When I first look at amount of weekly assignment and the difficulties of the puzzle-like excercises in Socrates, I was quite overwhelmed. Personally, I am really not a math person. So when it comes to solving the algorithm for leaping years or check whether or the length of three sides could form a triangle, it just seem to not be my thing.
Nevertheless, regardless of what I think, or whether or not I feel I could or I could not be a good programmer, I always tried to get these negativities off my yard. A lot of work? feeling the pressure to finish? stress? frustrate? couldn't figure out the problem? Of course, there are certain points when my heart is a head of my work. It wants things to be done. It wants to be able to figure out the problem NOW! It want to be good now! It fears of not being able to become a good programmer. And each time this attitude happens, it create a kind of dissonance between the reality and what I want from reality: dissatisfation. And these, I have to get them off my yard since when you are working with this kind of energy, you can feel you are somewhat always on edge. And your heart knows it is not the way to go about it.

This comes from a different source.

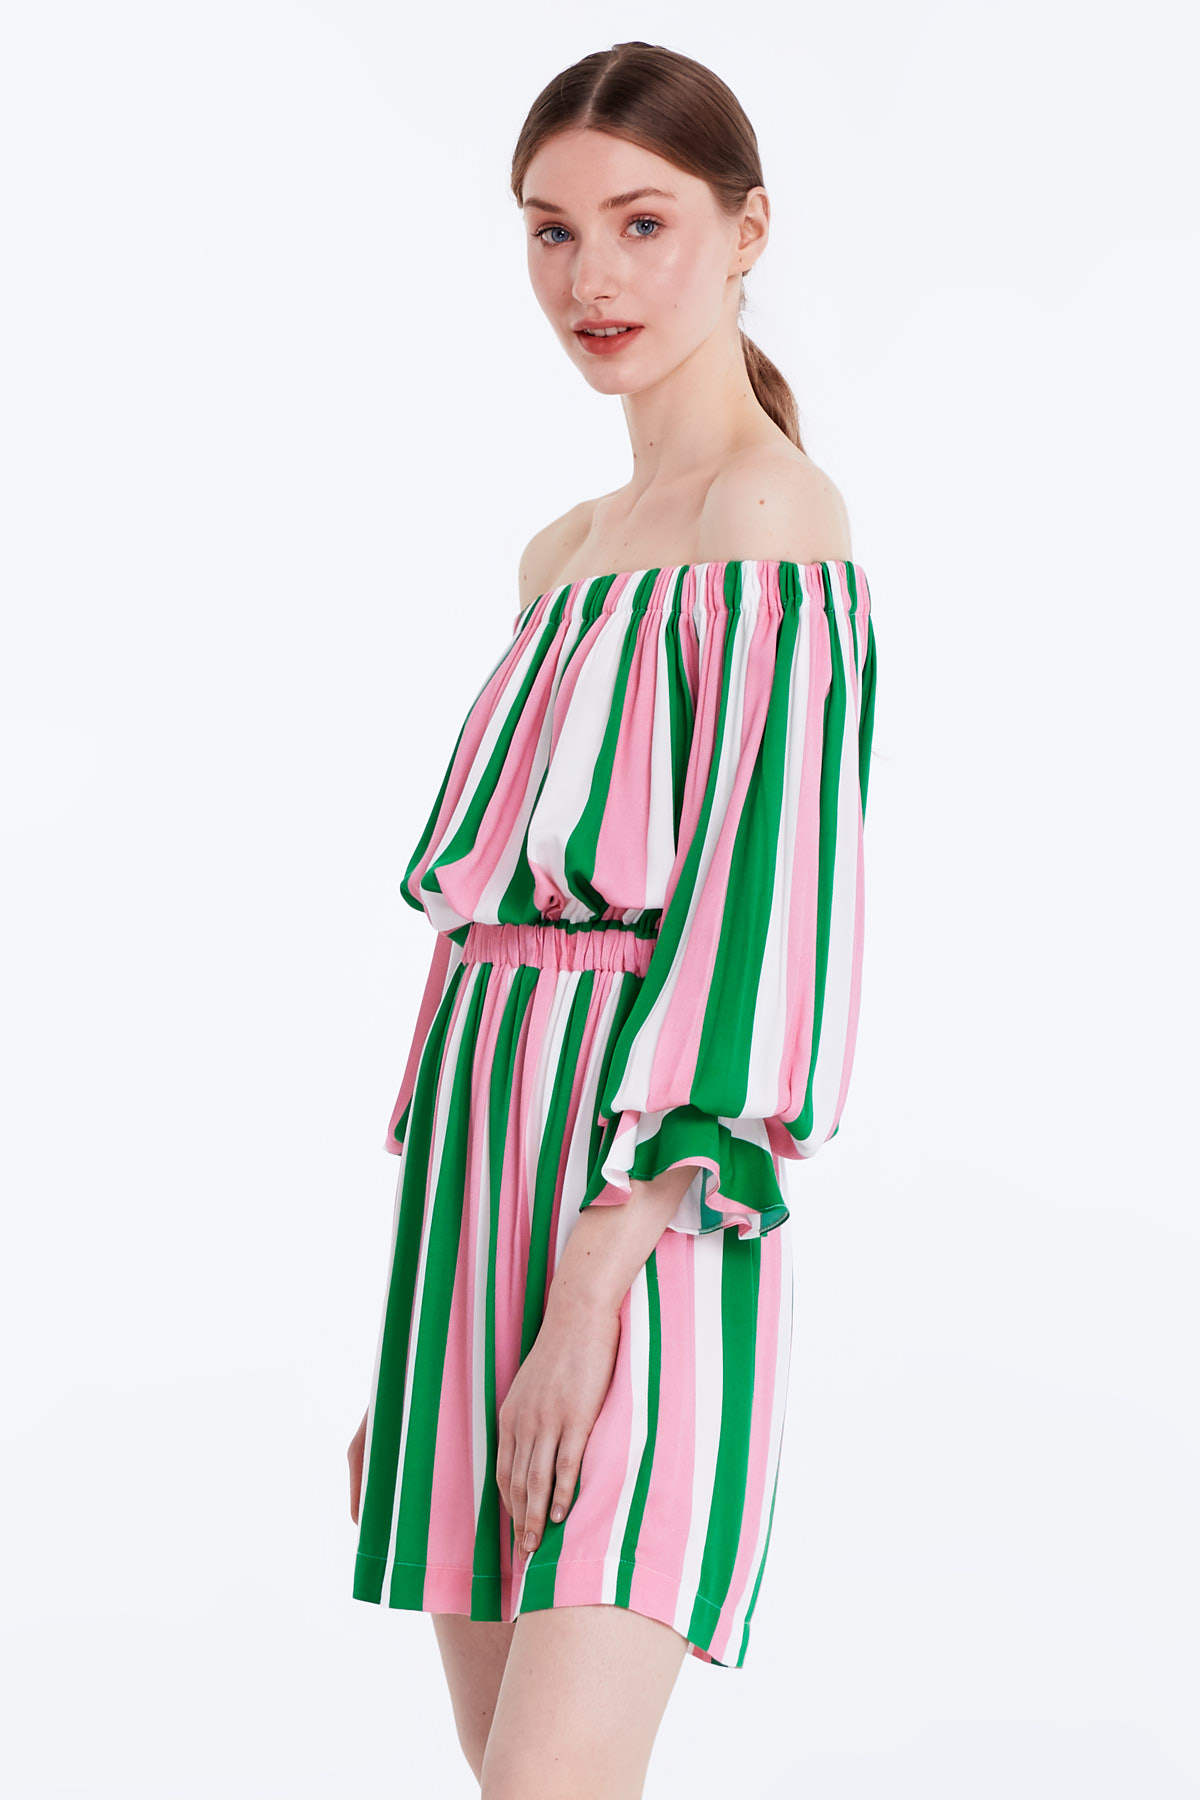 Off-shoulder dress with white, green and pink stripes, photo 3

And the way to go about it is simply just to do it without any expectations for yourself as well as your work. Just do it. (Nike got it right.) Lots of work? feeling the pressure to finish? Don't give yourself in to these emotions the springs from the desire to finish, just keep doing it! Couldn't figure out the problem? feeling like it's not for you? Don't! just keep doing it. These are merely mind obstables. Like a hurdle you have to keep jumping over each time it comes at you.
You know Mike Tyson once said,
"There is no room for emotions in this kind of sport"
which in our case would be...programming sport?? (haha sorry I am just being a little silly and off-topic but it's true!)